■ **Data excerpt**:
——

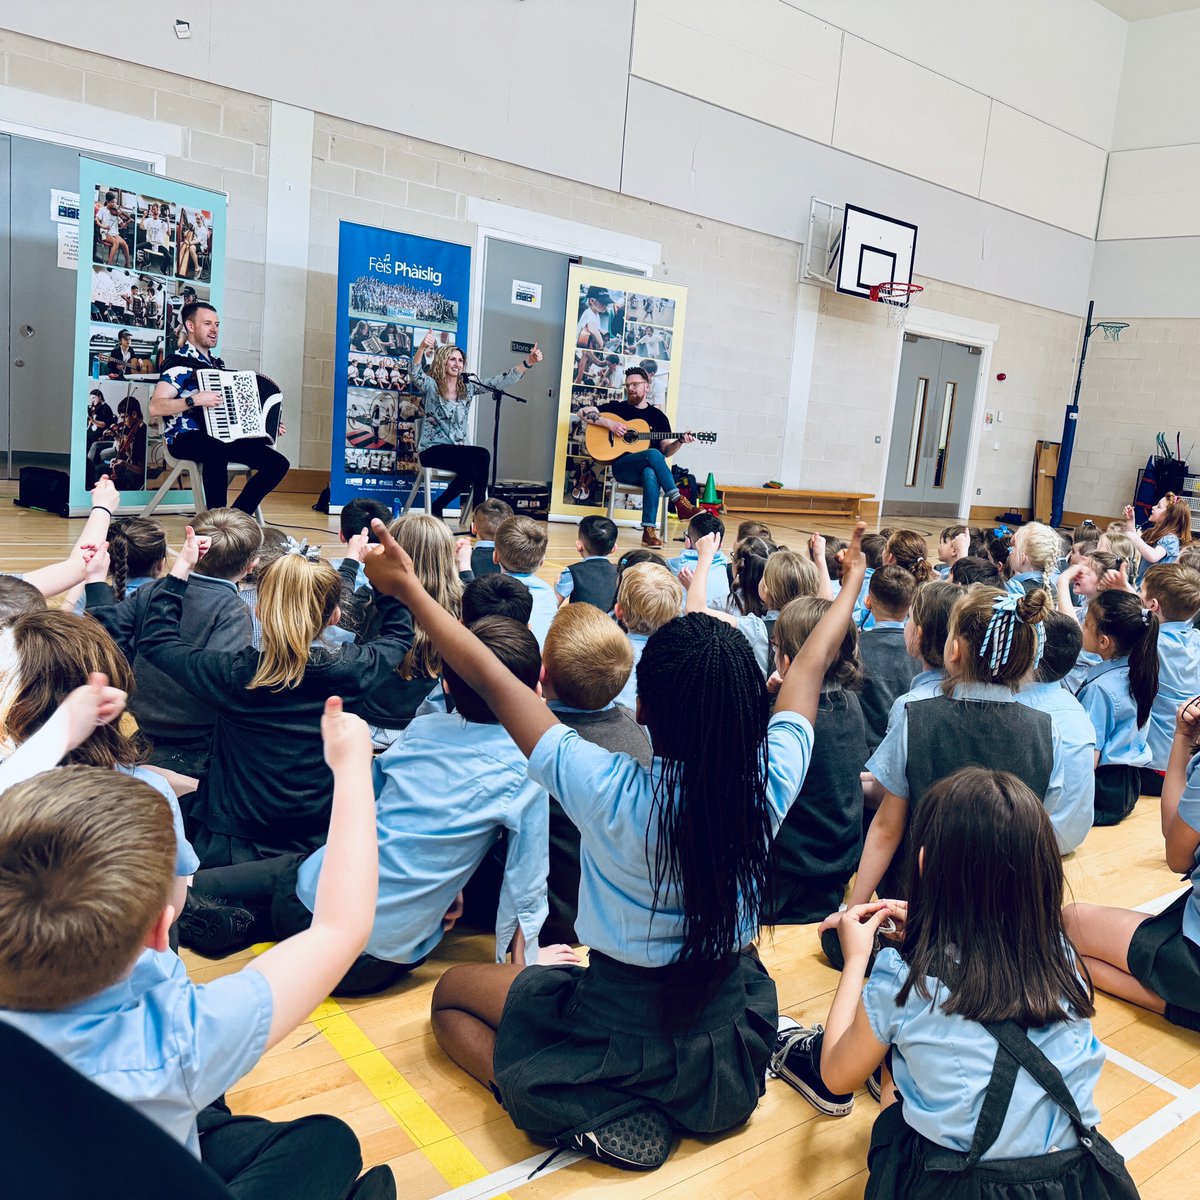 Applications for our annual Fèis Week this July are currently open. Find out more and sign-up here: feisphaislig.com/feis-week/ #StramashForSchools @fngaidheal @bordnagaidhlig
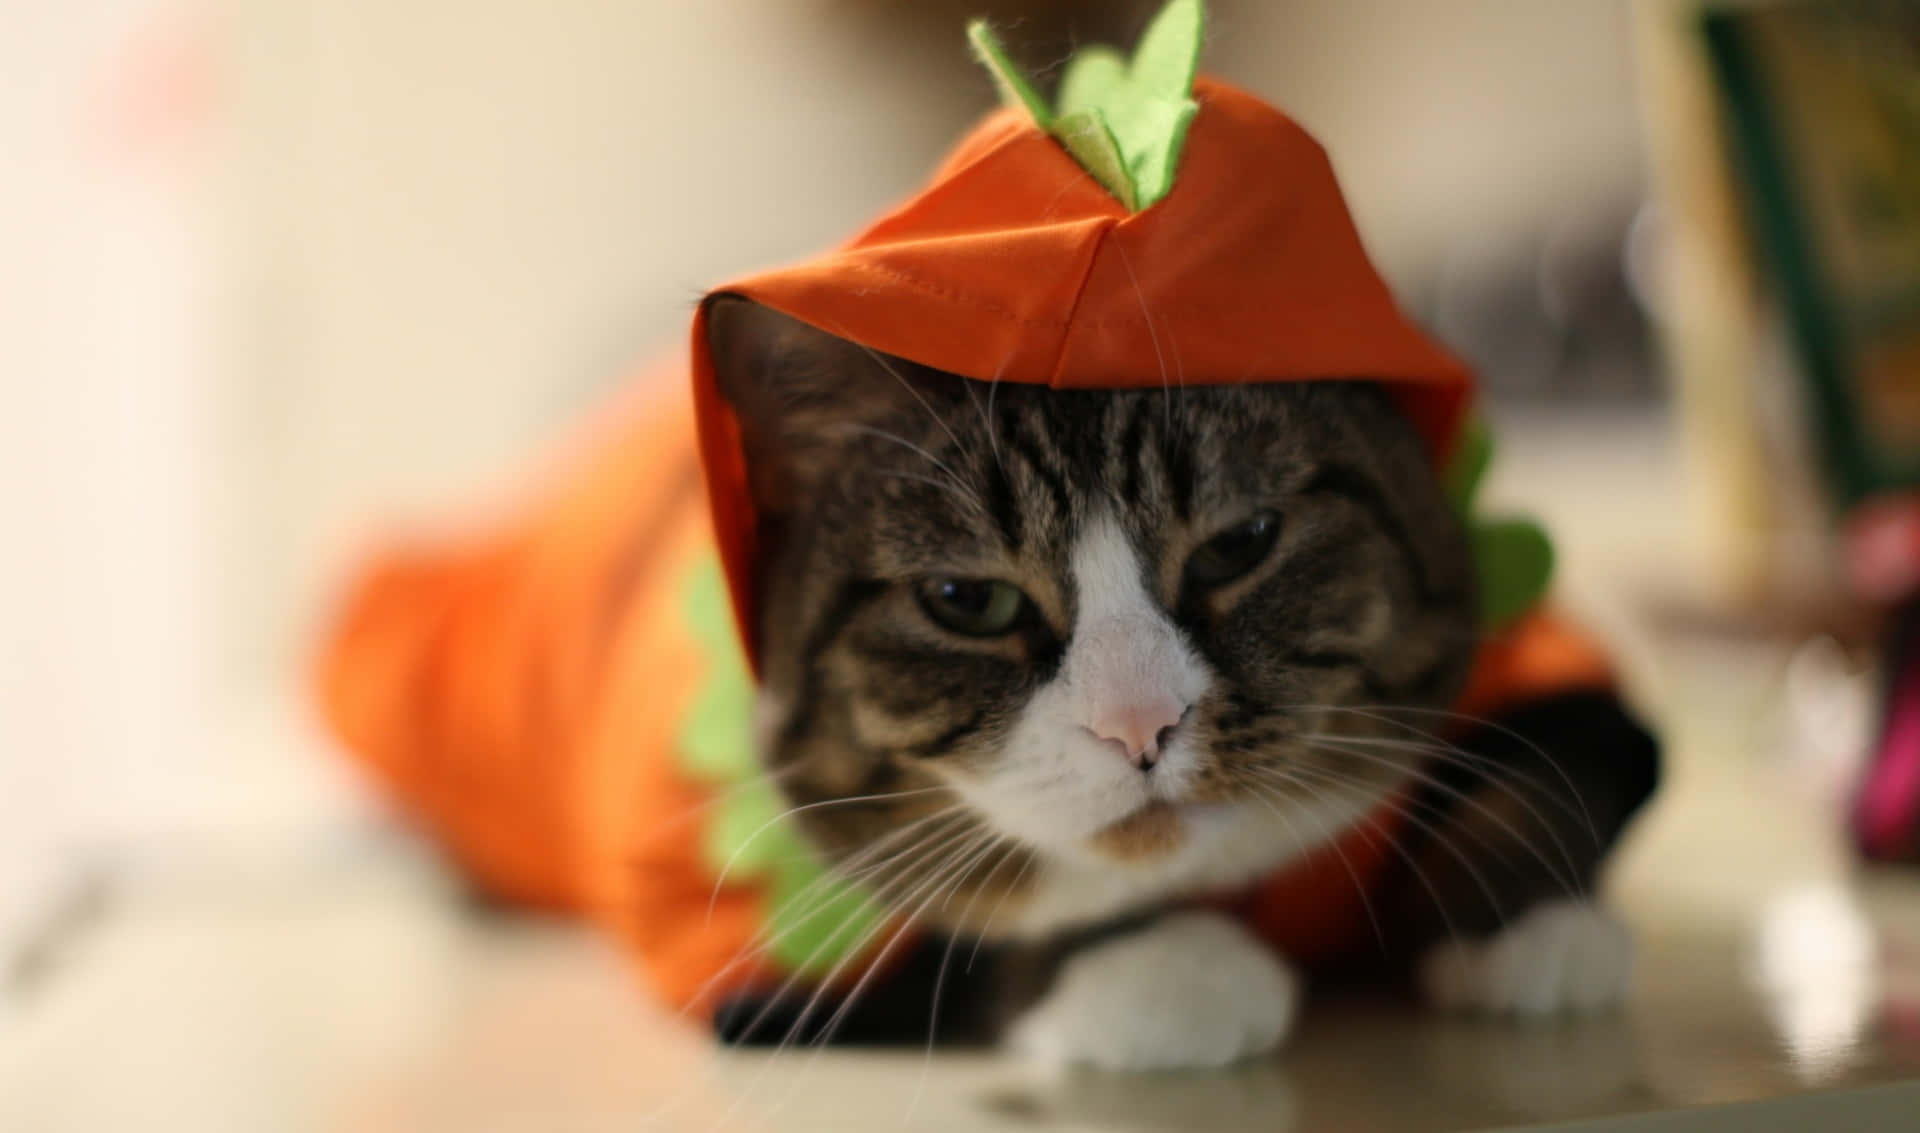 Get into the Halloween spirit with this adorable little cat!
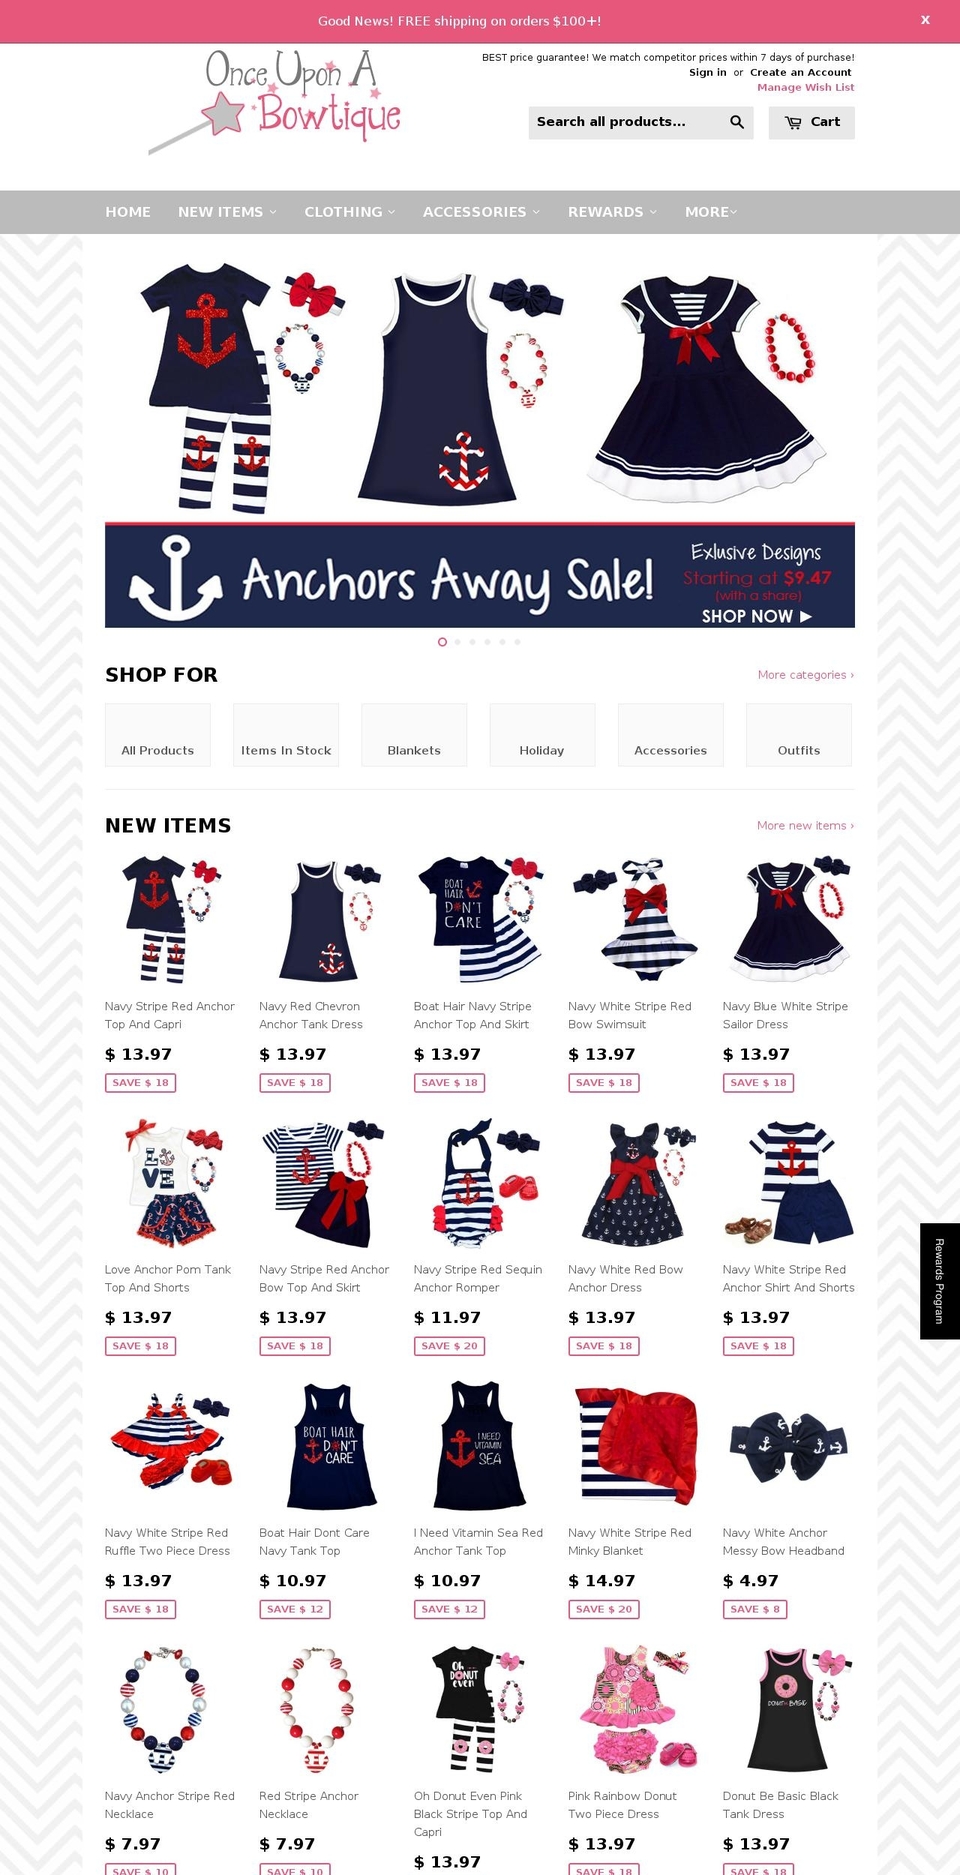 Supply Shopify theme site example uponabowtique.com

——

■ **Task requirements**: Everything in the listing above must be restated word for word, except the images.

■ **Solution below**:
 Applications for our annual Fèis Week this July are currently open. Find out more and sign-up here: feisphaislig.com/feis-week/ #StramashForSchools @fngaidheal @bordnagaidhlig
 Get into the Halloween spirit with this adorable little cat!
 Supply Shopify theme site example uponabowtique.com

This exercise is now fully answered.